Technical details about data aging

jgleichmann · ‎09-13-2017

If you successfully finished my last blog post about data aging 'General Iinformation about data aging' it is time for the deep dive. How SAP has implement it and how it works in detail.

As you already have read partitioning is an elementary part of data aging process to separate the current from the historical. Therefor range partitioning is used with an additional column called '_DATAAGING':

Short separation for the the two parts:

Current data is the data relevant to the operations of application objects, needed in day-to day-business transactions. The application logic determines when current data turns historical by using its knowledge about the object’s life cycle. The application logic validates the conditions at the object level from a business point of view, based on the status, execution of existence checks, and verification of cross-object dependencies.
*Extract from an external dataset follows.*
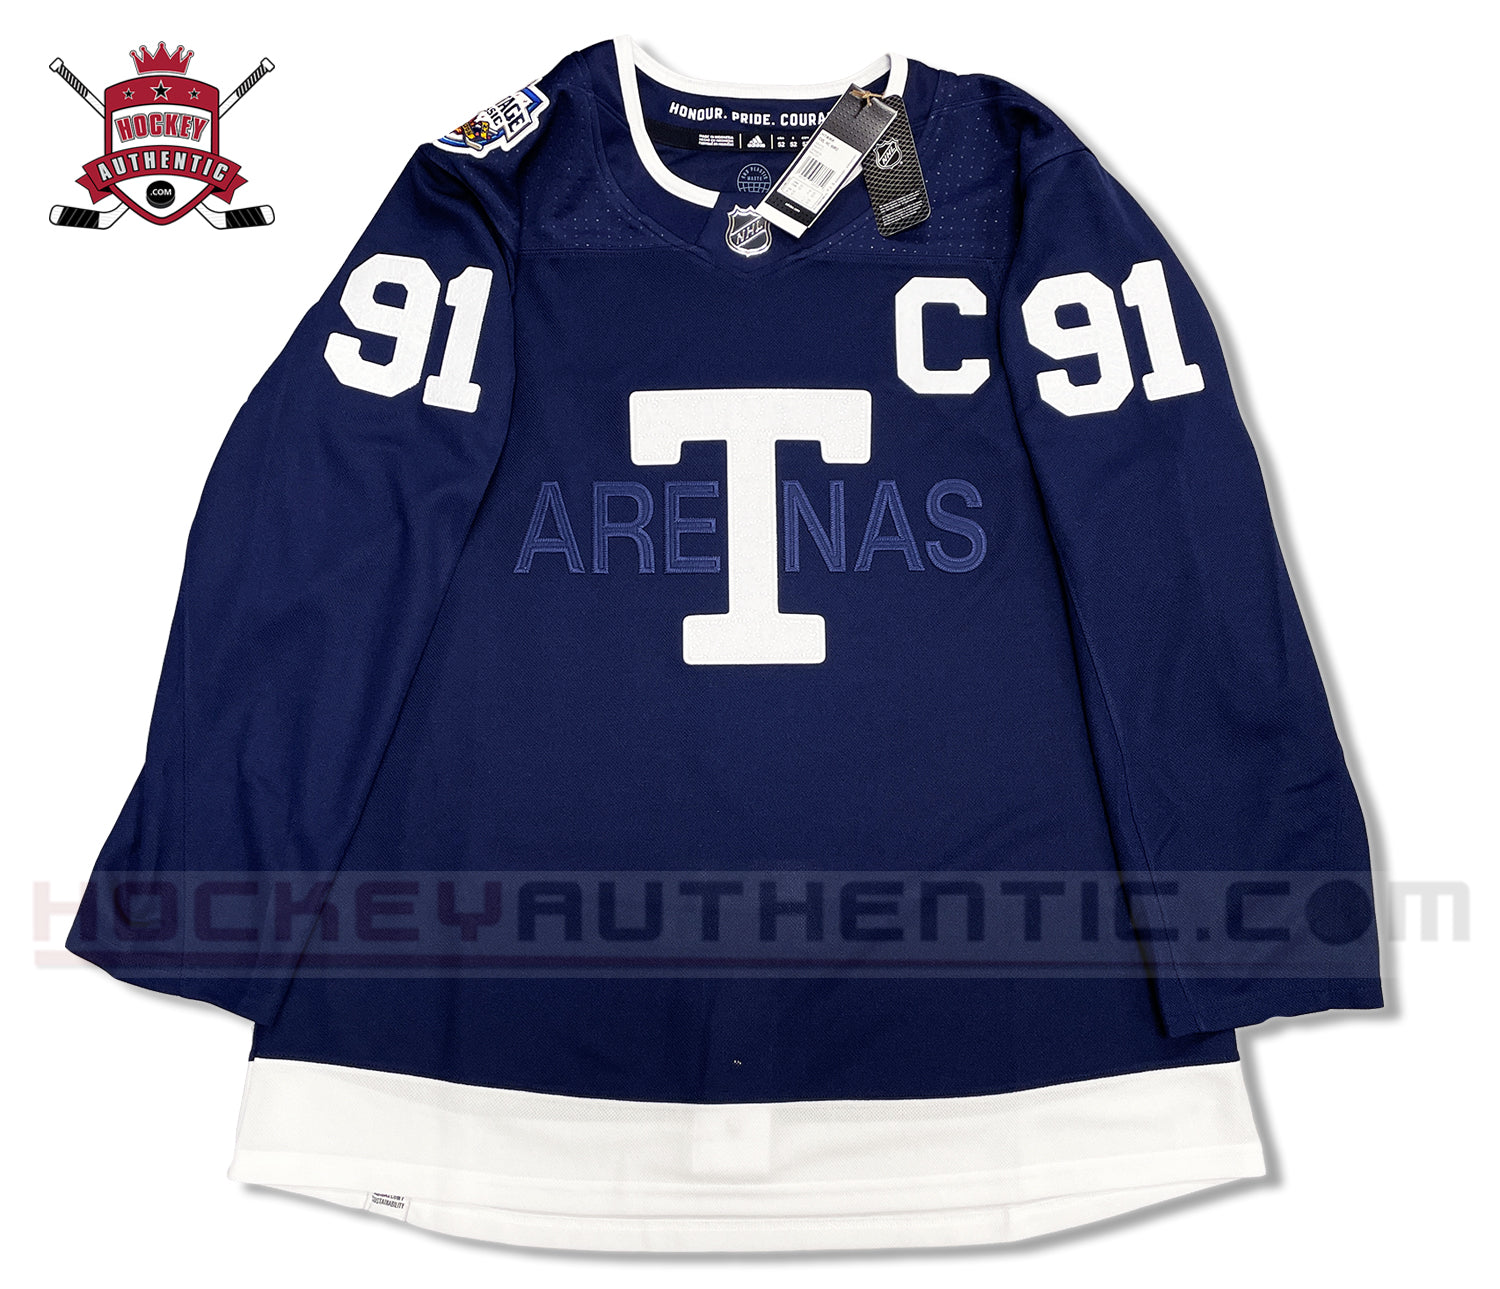 Tim and Friends on X: The Maple Leafs Heritage Classic jersey

Historical data is data that is not used for day-to day-business transactions. By default, historical data is not visible to ABAP applications. It is no longer updated from a business point of view. The application logic determines when current data turns historical by using its knowledge about the object’s lifecycle. The application logic validates the conditions at object level from a business point of view, based on the status, executing existence checks, and verifying cross object dependencies.
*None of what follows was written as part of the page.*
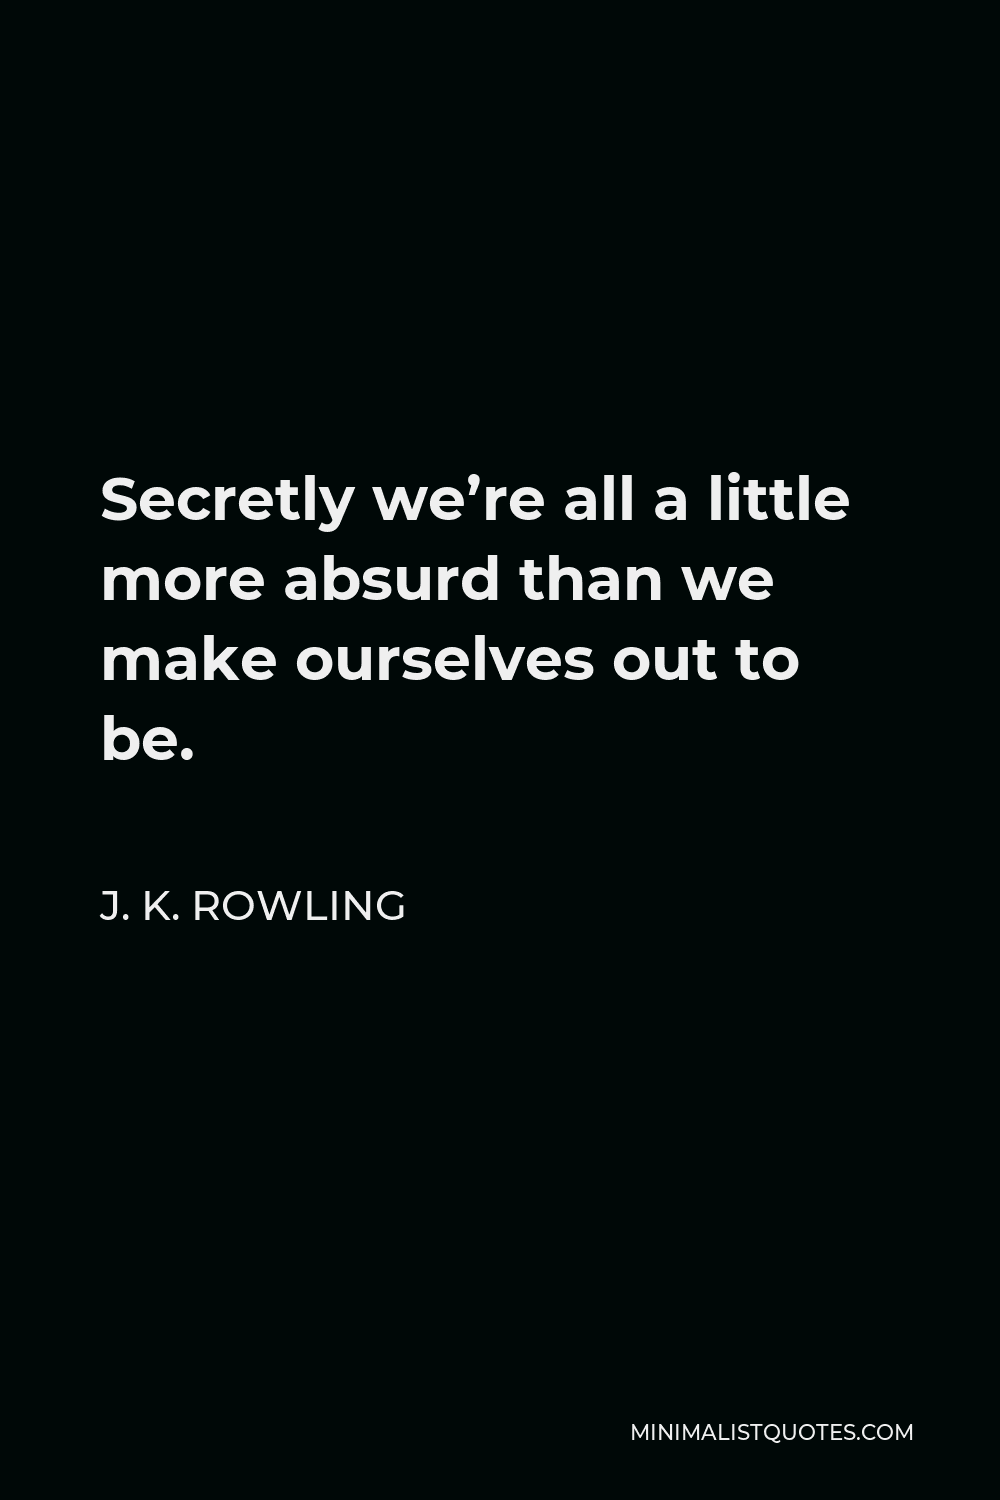 J. K. Rowling Quote - Secretly we’re all a little more absurd than we make ourselves out to be.

Limitation: There can only be one current partition with max. 2 billion rows, but there can be multiple ones for the historical part.

If you activate data aging for one object / table you only can select it via a special syntax. The SAP HANA-specific database shared library (DBSL) in the ABAP server adds a corresponding clause to the SQL statements that are sent to SAP HANA. The classes ABAP CL_ABAP_SESSION_TEMPERATURE and CL_ABAP_STACK_TEMPERATURE enables the data access for the historical data.

Selection

By adding the clause WITH RANGE_RESTRICTION ('CURRENT') to a SQL statement, SAP HANA restricts the operation to the hot data partition only.
This restricts the operation to all partitions with data temperatures above the specified value. The clause WITH RANGE_RESTRICTION ('20120701'), for example, tells SAP HANA to search the hot partition and all cold partitions that contain values greater or equal than '20120701'. Range restriction can be applied to SELECT, UPDATE, UPSERT, DELETE statements and to procedure calls.

RANGE_RESTRICTION Current

RANGE_RESTRICTION Time

The query will select the current partition 1 and partly the partition 2. HANA won't load the complete partition 2 into memory! Cold partitions make use of Paged Attributes. While ordinary columns are loaded entirely into memory upon first access, Paged Attributes are loaded page-wise. Ideally only the pages that hold the requested rows are being loaded.

Parameter

It is possible to configure the amount of memory used by page loadable columns. The parameter are a little bit confusing. The defaults in megabyte or procent are:

global.ini:page_loadable_columns_min_size=1047527424
global.ini:page_loadable_columns_limit=1047527424

global.ini:page_loadable_columns_min_size_rel=5
global.ini:page_loadable_columns_limit_rel=10

The first ones are set with a default of 999TB!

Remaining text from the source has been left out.